My wife and I fly a 1967 V35, which has taken us on many adventures from the East Coast to all over the US and the Caribbean. Our daughter has been flying in it since she was three weeks old. Recently she's become dissatisfied staying cooped up in the back seat, and wants to be up front where the action is. We have a great video with all of us flying up the Hudson River below the tops of the World Trade Center, a few months before the world as we knew it came to an end. I'll have to upload it to YouTube.
I was probably about my daughter's age when I first saw a Beechcraft ad in back of the National Geographic magazine. Perhaps some remember it - it had a picture of a V-tail flying into the sunset, and was accompanied by something that looked like a coupon meant to be cut out and mailed to Beech for information. The "coupon" said it would be a shame to cut up the National Geographic and encouraged the reader to simply write to them for information and pricing. Even though I was a few years old, I did - despite what a six year old's handwriting must have looked like, they wrote back!
Of course the price of a new V35 not only exceeded my piggy bank balance, the mind-boggling figure was surely more money than God. Nevertheless I resolved to own that airplane one day. Then there was that little problem about getting a pilot's certificate. So I lied about my age and I got a job delivering newspapers - $7.00 a week but tips bought it up to $12.00 on a good week. That wasn't going to be enough, so I also started cutting my neighborhood's lawns at $2.50 per. I was so young I had to reach up to push the mower. Surely parents would be thrown in jail today for permitting such abuse. Anyway, by the time I was fifteen I had three thousand dollars saved up.
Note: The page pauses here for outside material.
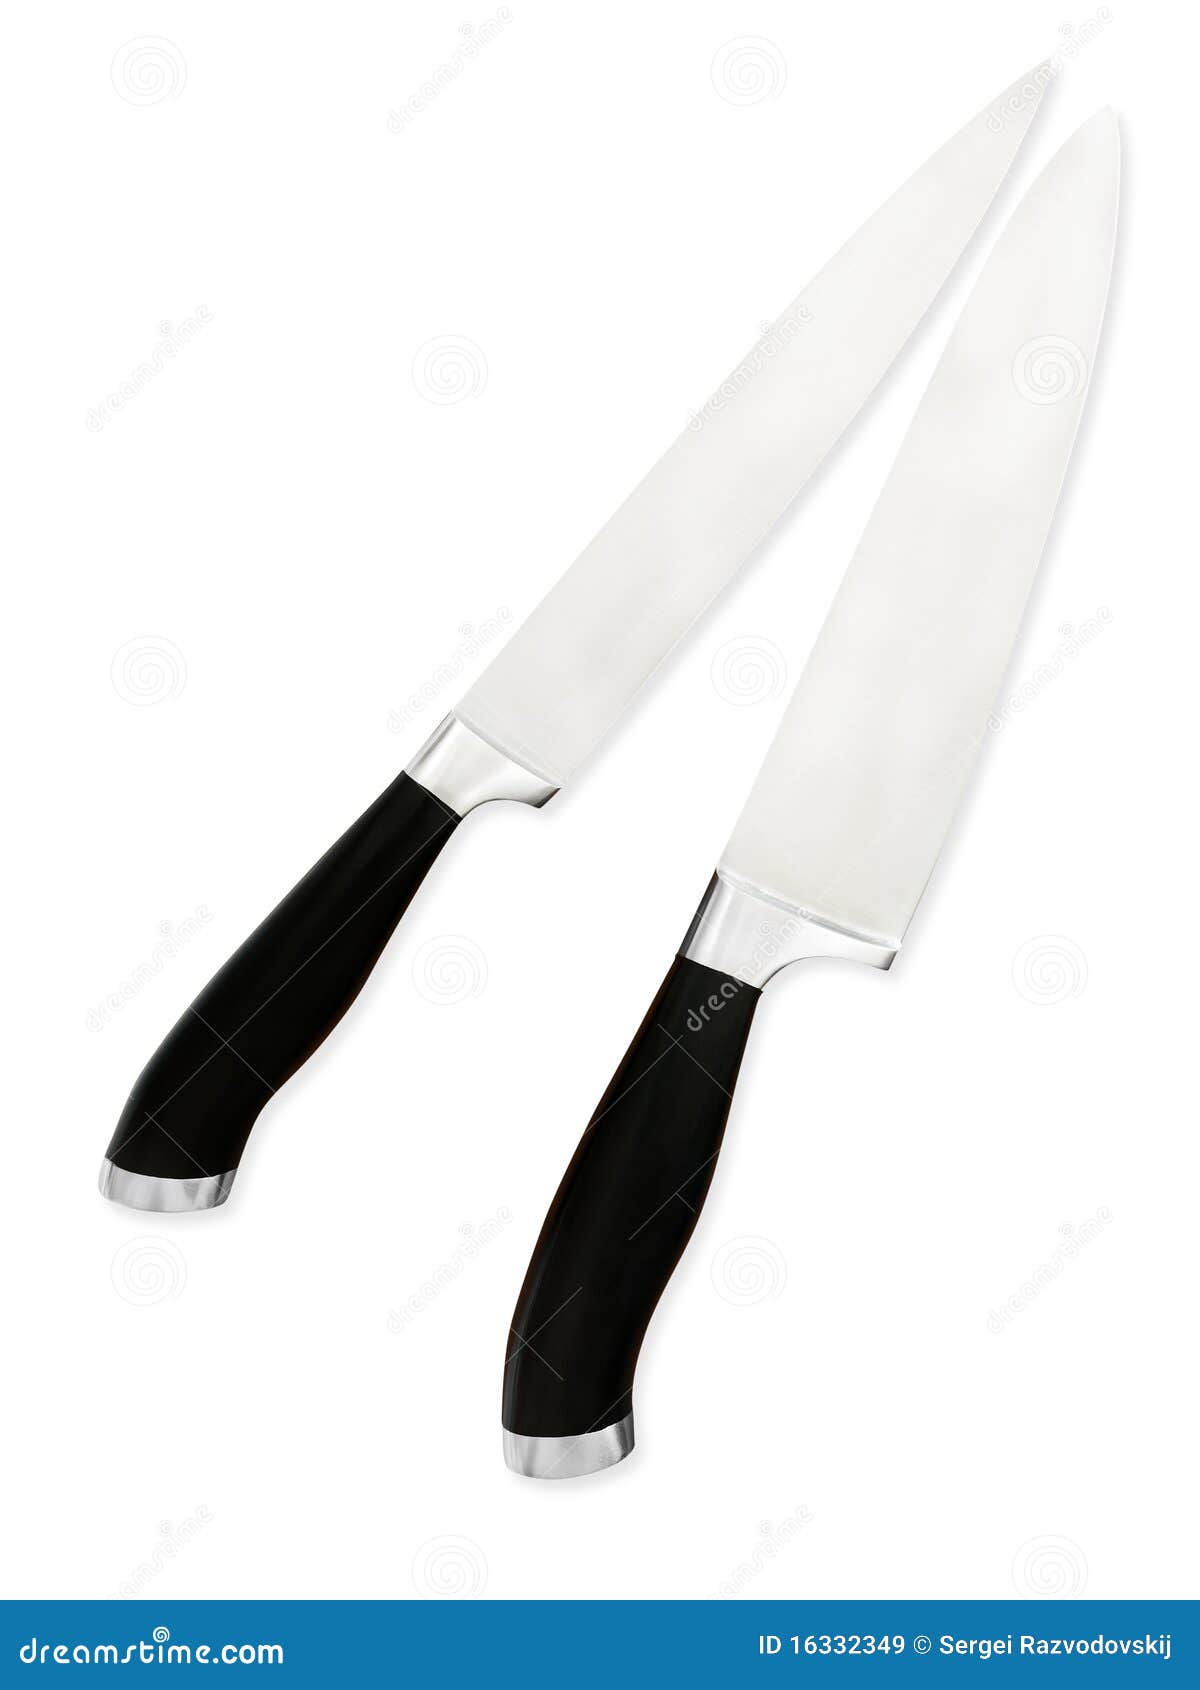 clipart kitchen knife - photo #45

Having never before set foot in any sort of aircraft, I took my first flying lesson. Thirty dollars per hour for a C150 - ouch!
Fast forward thirty-five years or so, but I finally own my dream airplane.
Flying the V35 is as comfortable as sitting on your living room sofa. I've flown all sorts of airplanes and now fly for a major airline, but if I had all the money in the world, I would never want to own anything but a Beech. There's nothing like it.
Sorry no pictures as I only have dialup where I live. Thankfully the board lets me turn off avatars otherwise it would be an exercise in frustration.
A question: Before coming here I looked for the old beech-owners mailing list, hoping to find someone had the inclination to transition it to a proper PHP style forum, since a mailing list format is cumbersome by today's standards. Although I found a site that appears to be it (beechowners.com) apparently it's been down for a while. True?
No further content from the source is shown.